The patient frequently interrupts other participants during group sessions and disrupts the group process. What actions are BEST for the OTR to take in this situation?
You need to select 3 choices
A. Have the participants determine the pace of tasks and the content of discussion.
B. Keep group discussions focused on the identified topic or task.
C. Allow participants to direct communication toward the OTR.
D. Maintain an authoritative leadership style during group session
E. Use direct open-ended questions to engage each group member.

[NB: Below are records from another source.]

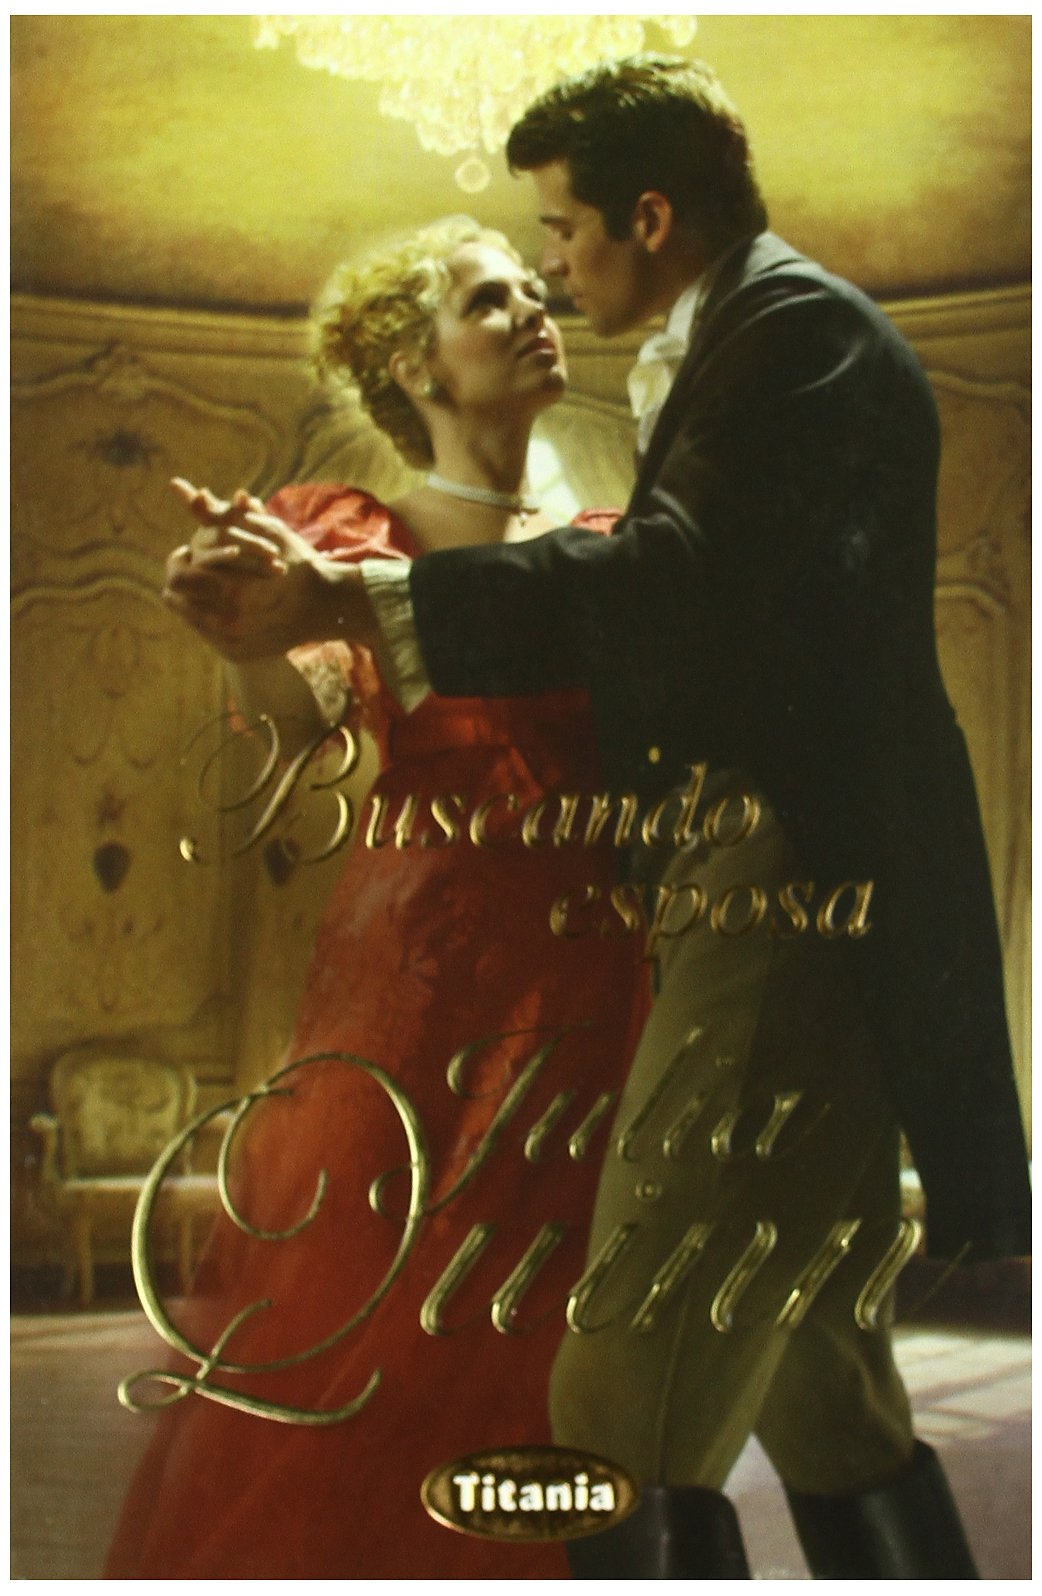 Portadas de Novelas Romanticas - Página 22 71SRriCszzL
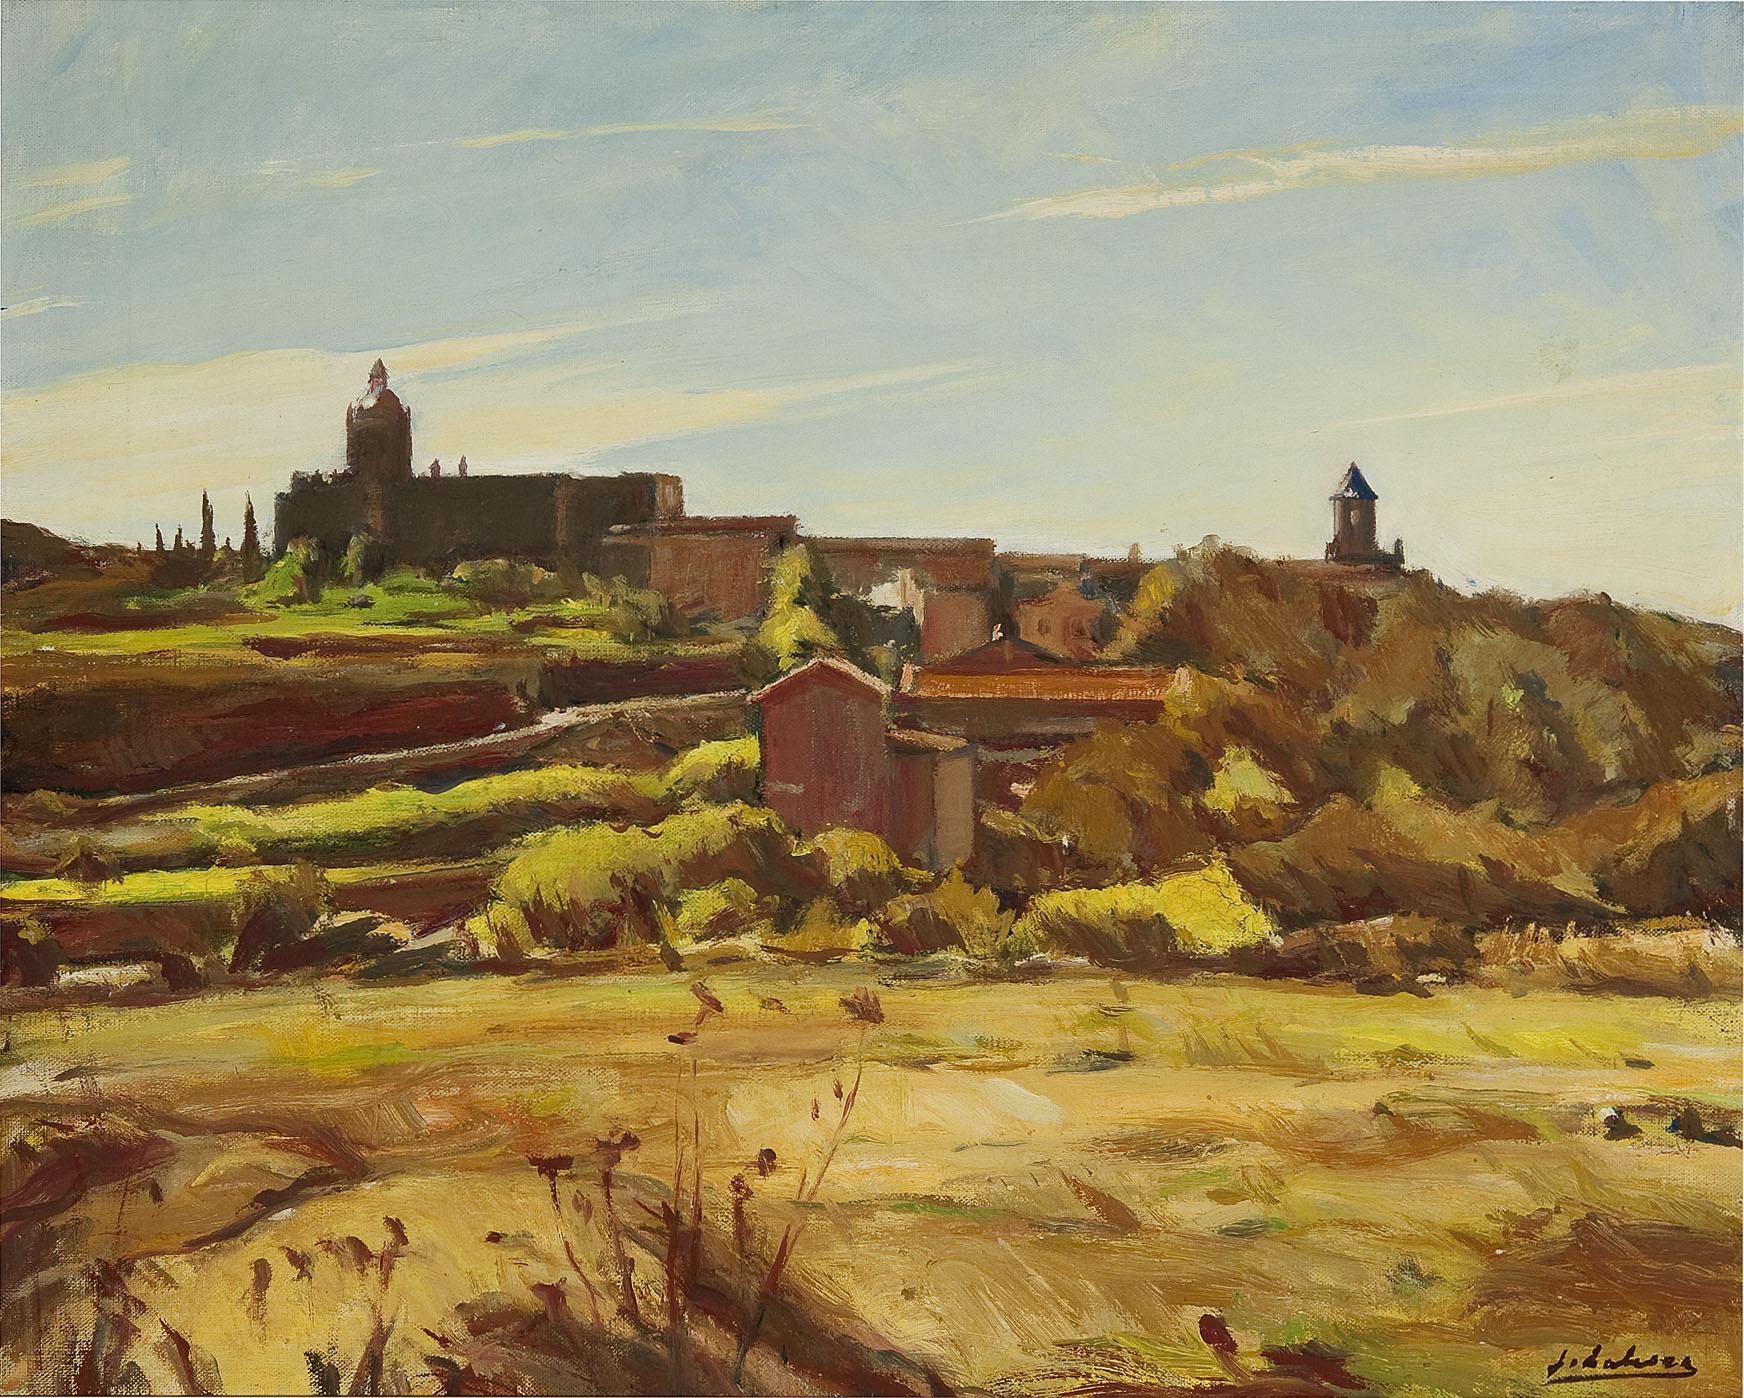 Paisatge rural | Lahosa Valimaña, Joan
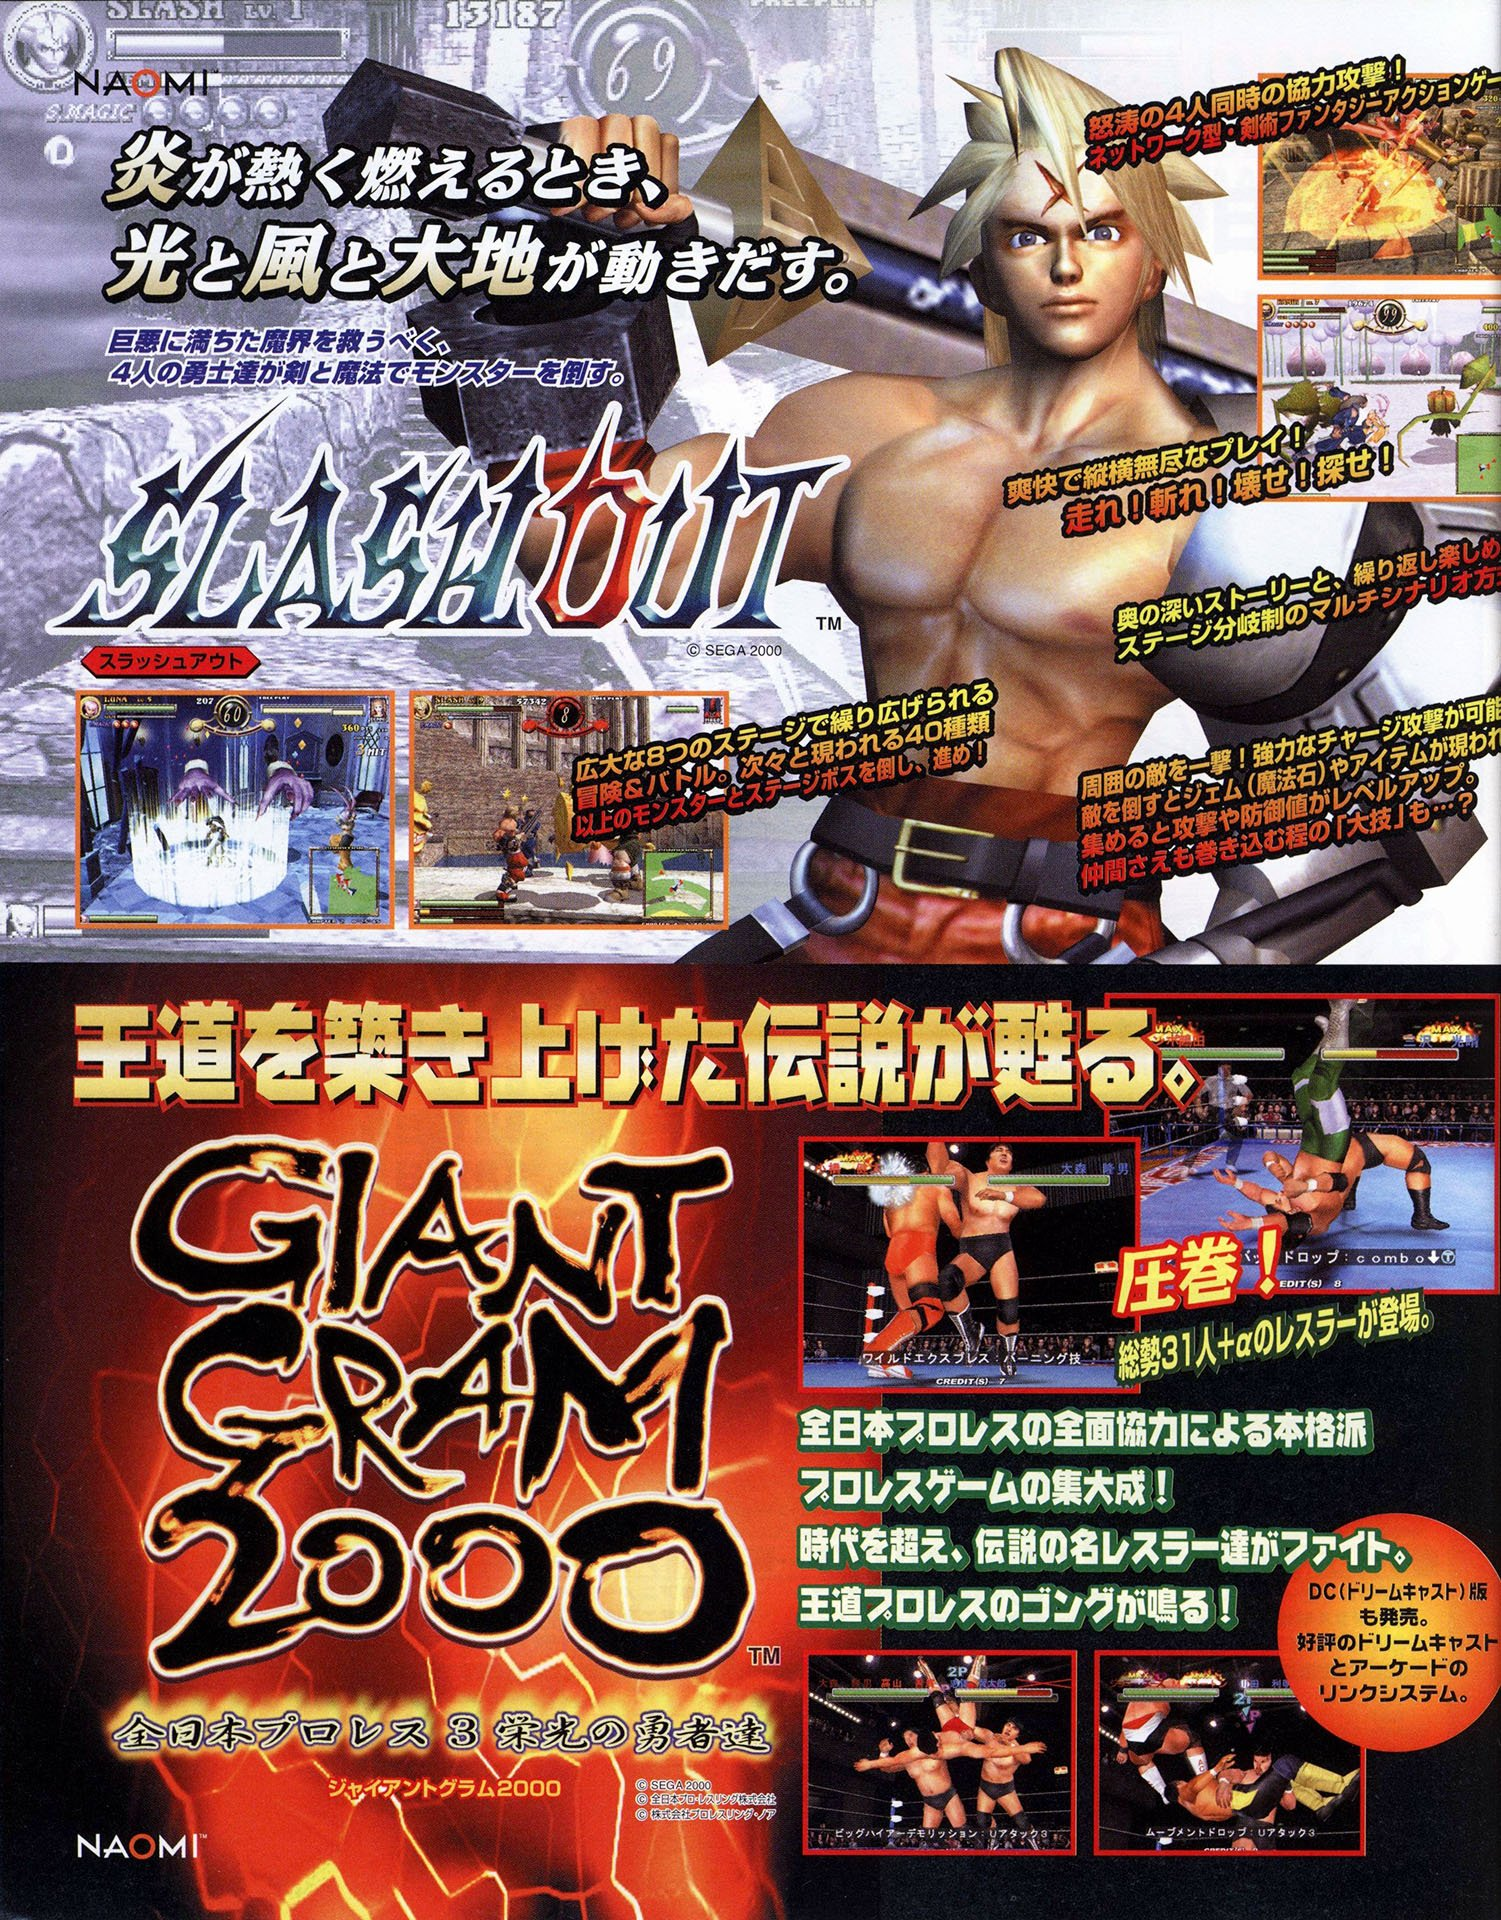 Slashout, Giant Gram 2000

F. Redirect the patient and plan to discuss the comments with the patient after the group session.
✅ Correct Answers:
B. Keep group discussions focused on the identified topic or task.
D. Maintain an authoritative leadership style during group sessions.
F. Redirect the patient and plan to discuss the comments with the patient after the group session.
Rationale
This client demonstrates:
The OTR's priority is to maintain group structure, preserve therapeutic goals, and manage disruptive behavior without shaming the client.
An OTR is working with a client in an outpatient mental health program who frequently becomes angry with staff members after receiving constructive feedback. During a treatment session, the client states, "You're just like my parents—always criticizing me and trying to control me."
Using a psychodynamic frame of reference, which intervention is MOST appropriate for the OTR?
A. Teach the client a deep-breathing technique to reduce anxiety.
B. Explore how the client's feelings toward the therapist may be influenced by past relationships.
C. Provide a token reward each time the client accepts feedback appropriately.
D. Modify the environment to reduce sensory distractions during treatment.
✅ Correct Answer: B. Explore how the client's feelings toward the therapist may be influenced by past relationships.
Rationale:
The psychodynamic frame of reference focuses on unconscious processes, past experiences, interpersonal relationships, and how these influence current behavior. The client appears to be demonstrating transference, in which feelings associated with significant individuals from the past (e.g., parents) are projected onto the therapist.
Exploring these patterns can help the client develop insight into how past relationships affect current interactions.